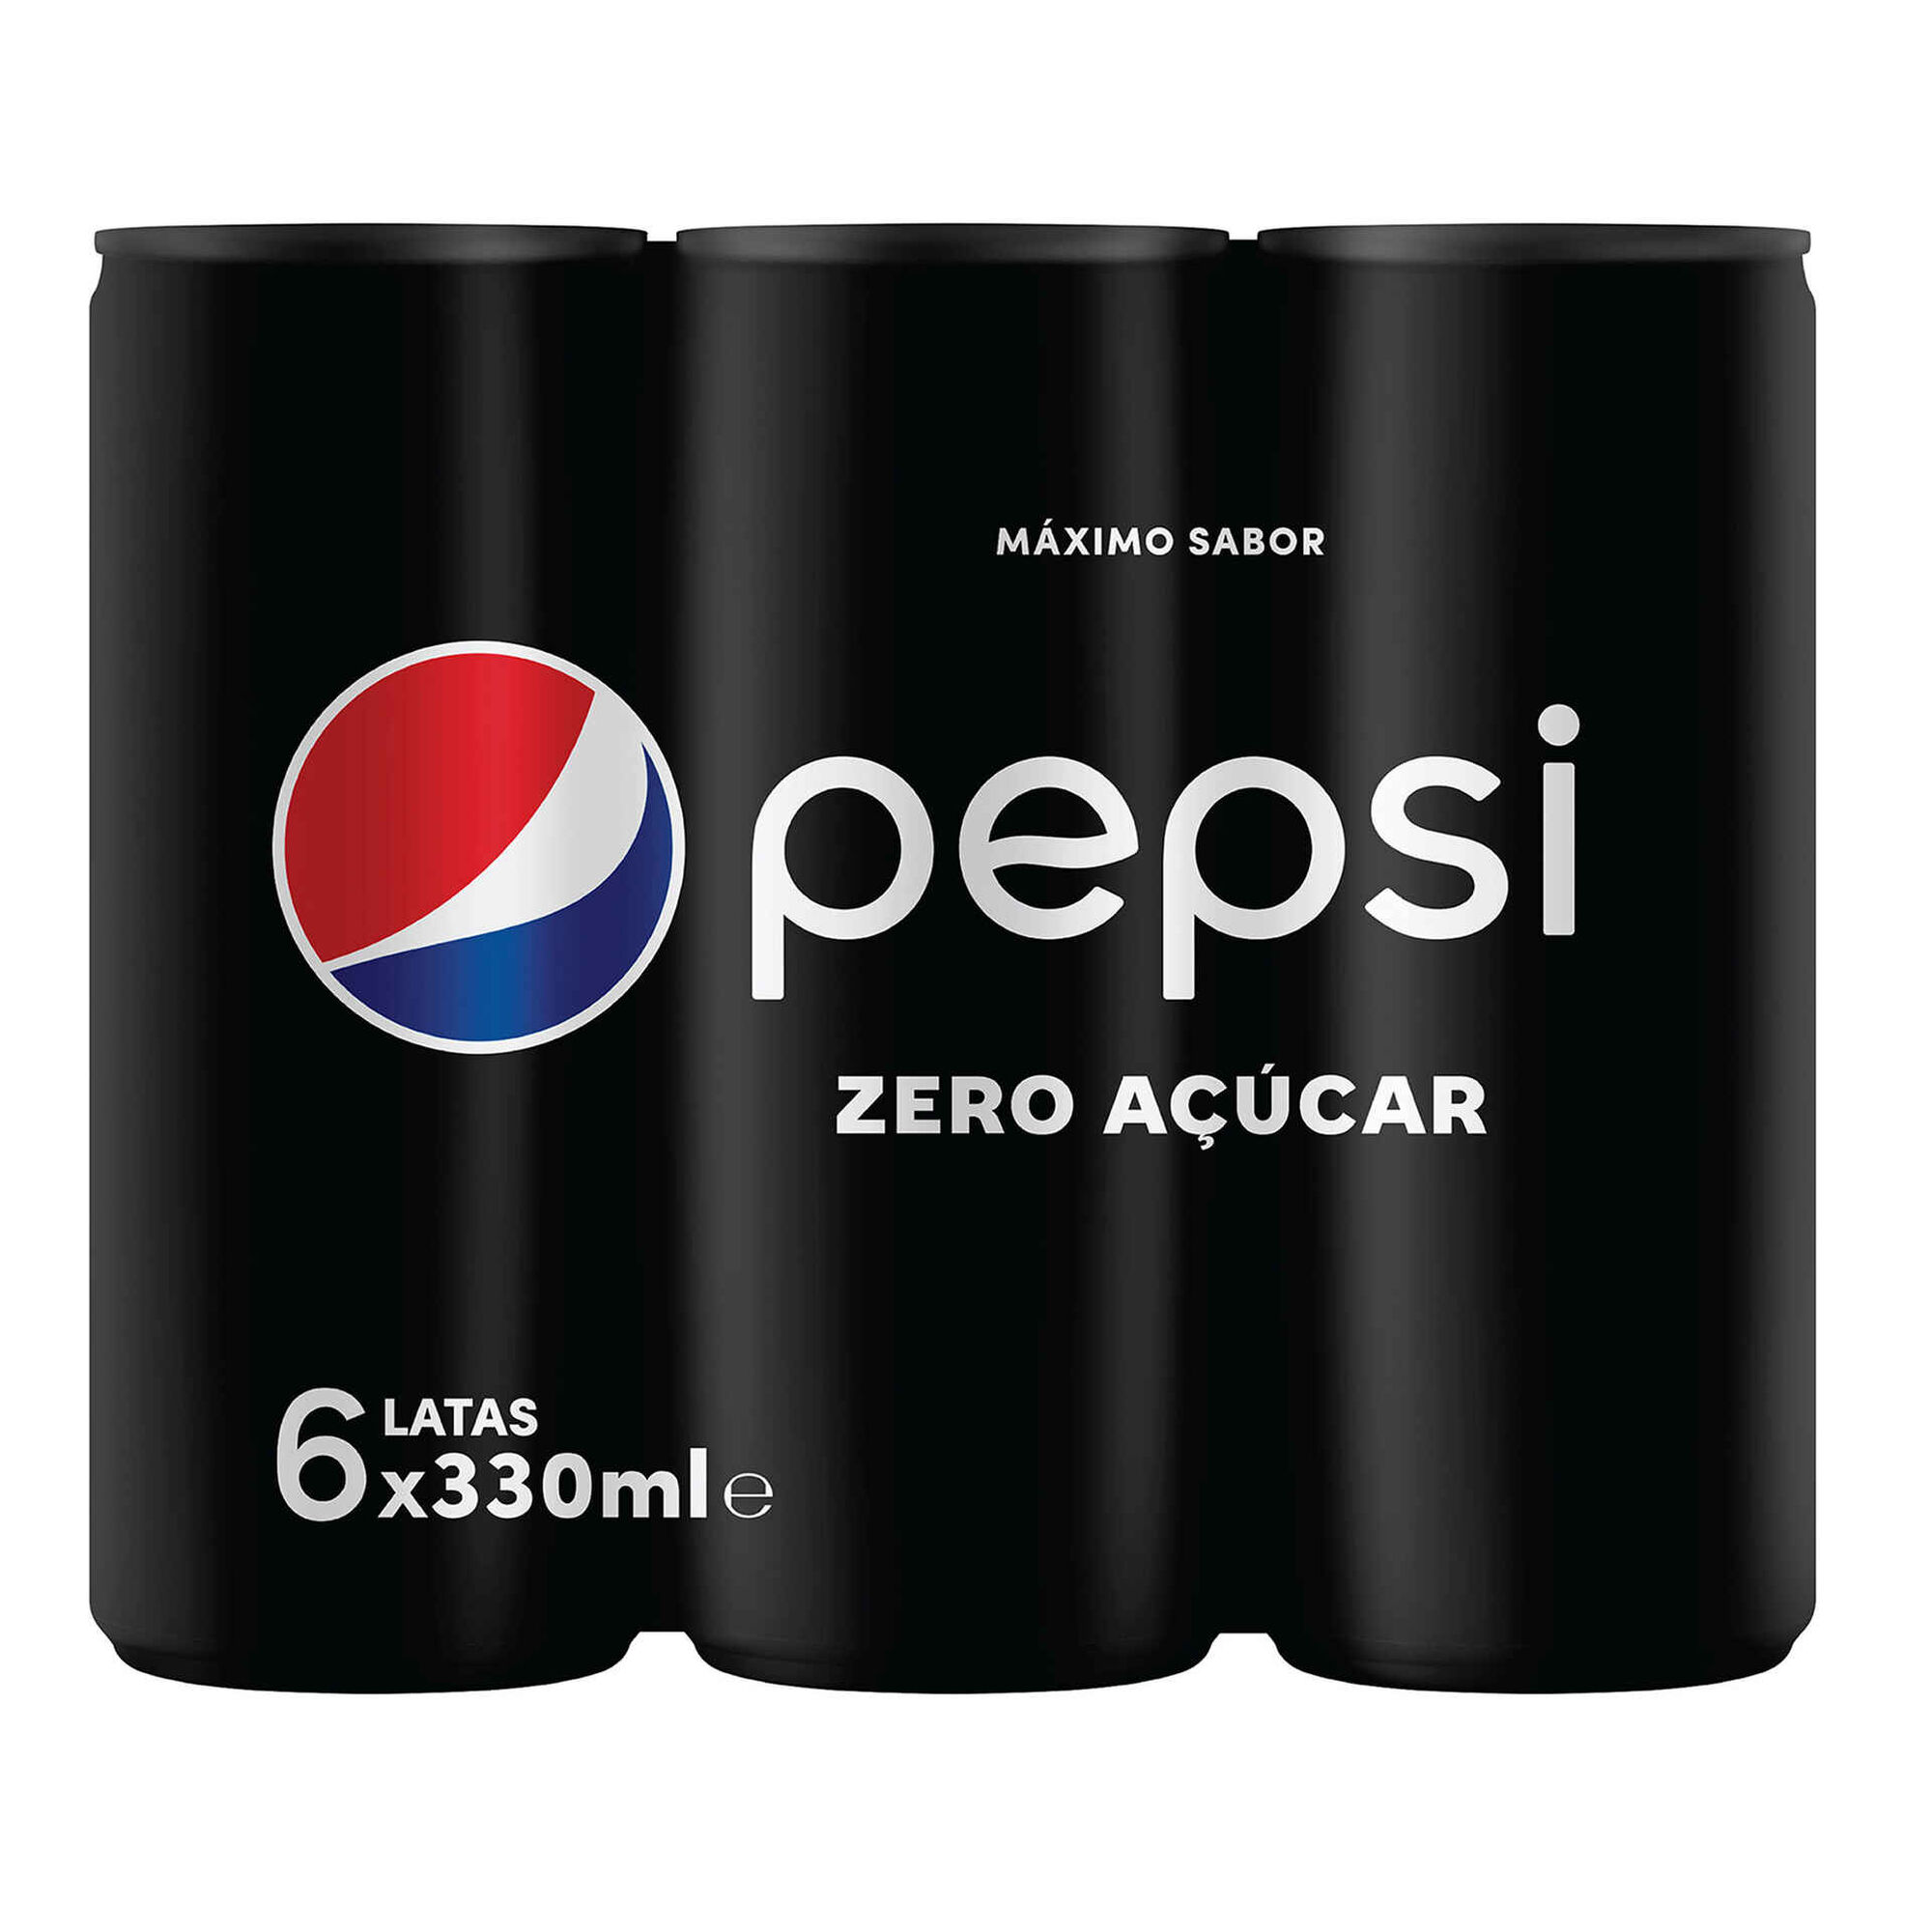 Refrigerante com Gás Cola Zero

§

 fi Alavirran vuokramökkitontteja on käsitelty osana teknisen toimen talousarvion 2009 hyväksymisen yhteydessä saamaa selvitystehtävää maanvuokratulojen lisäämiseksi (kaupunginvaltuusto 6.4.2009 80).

§

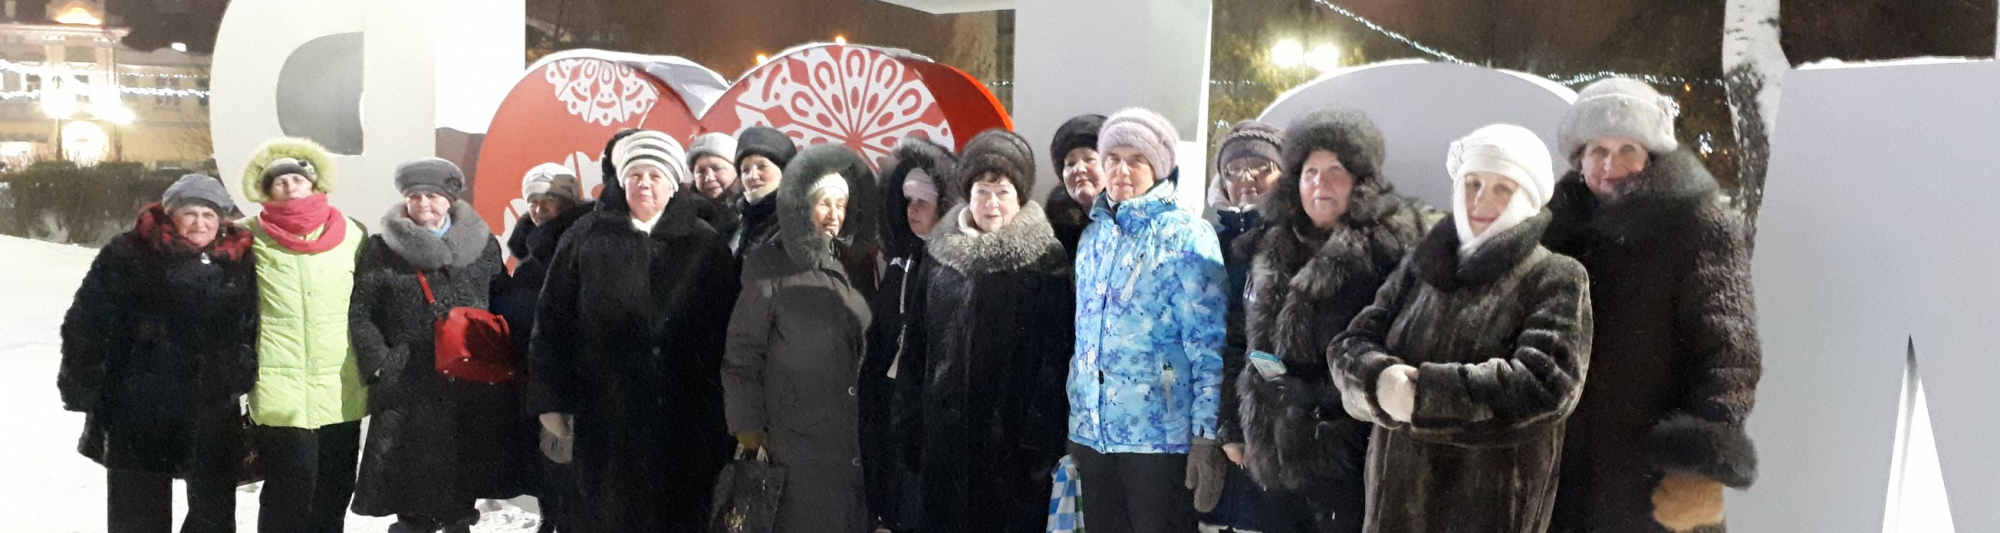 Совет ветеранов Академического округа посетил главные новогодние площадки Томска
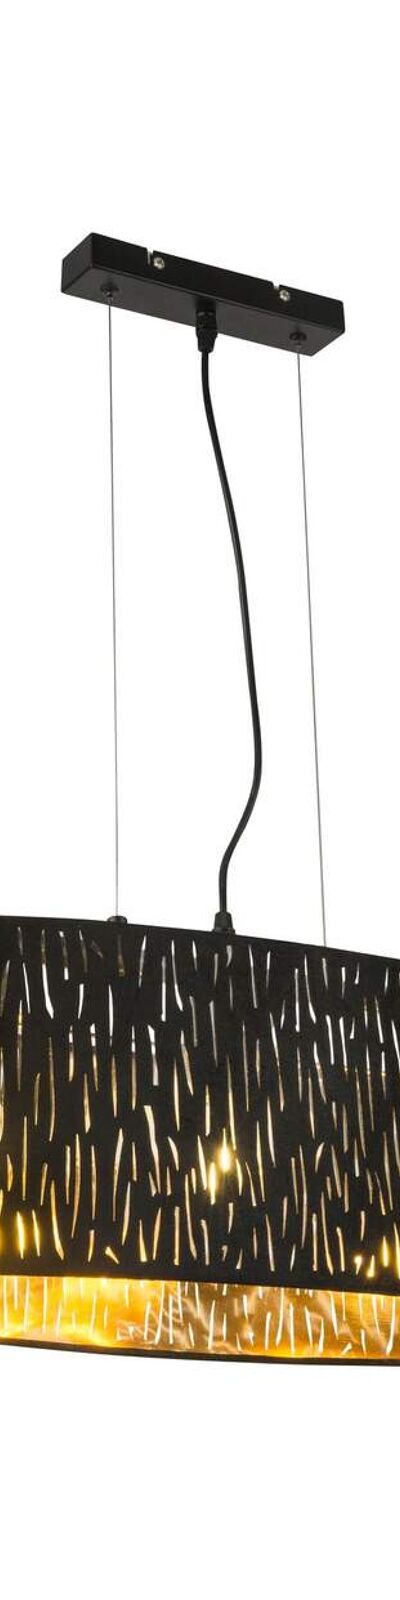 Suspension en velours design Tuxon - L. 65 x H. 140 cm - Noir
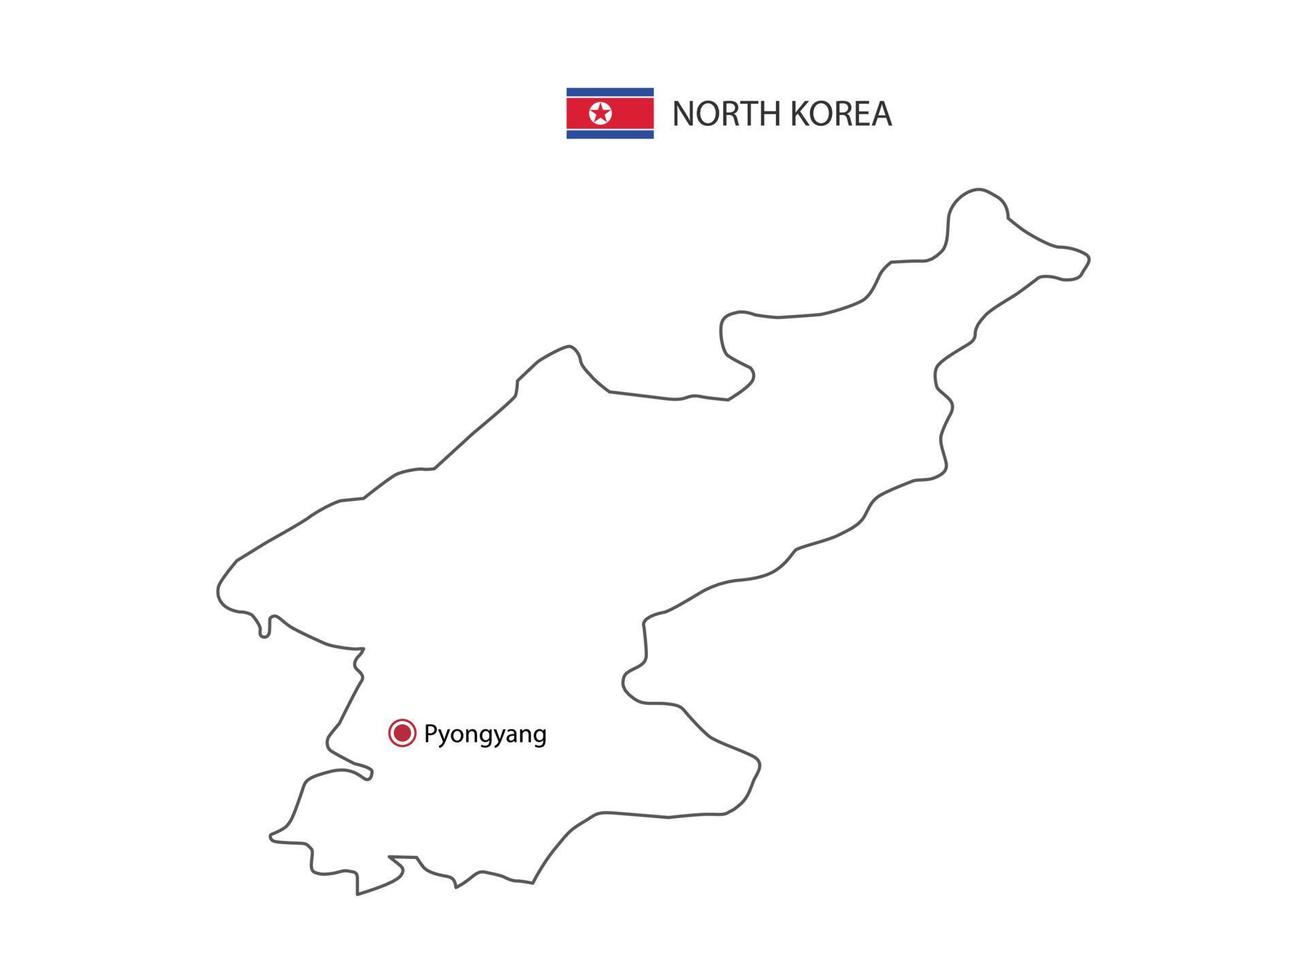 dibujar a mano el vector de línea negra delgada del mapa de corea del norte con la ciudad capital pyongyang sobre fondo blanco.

§

▸ **Work required**
Working from the entries above, please transcribe only the lines from the line with "Совет ветеранов Академического" through the line with "dibujar a mano", exactly, with both end lines and without pictures.

▸ **Exercise response**
 Совет ветеранов Академического округа посетил главные новогодние площадки Томска
 Suspension en velours design Tuxon - L. 65 x H. 140 cm - Noir
 dibujar a mano el vector de línea negra delgada del mapa de corea del norte con la ciudad capital pyongyang sobre fondo blanco.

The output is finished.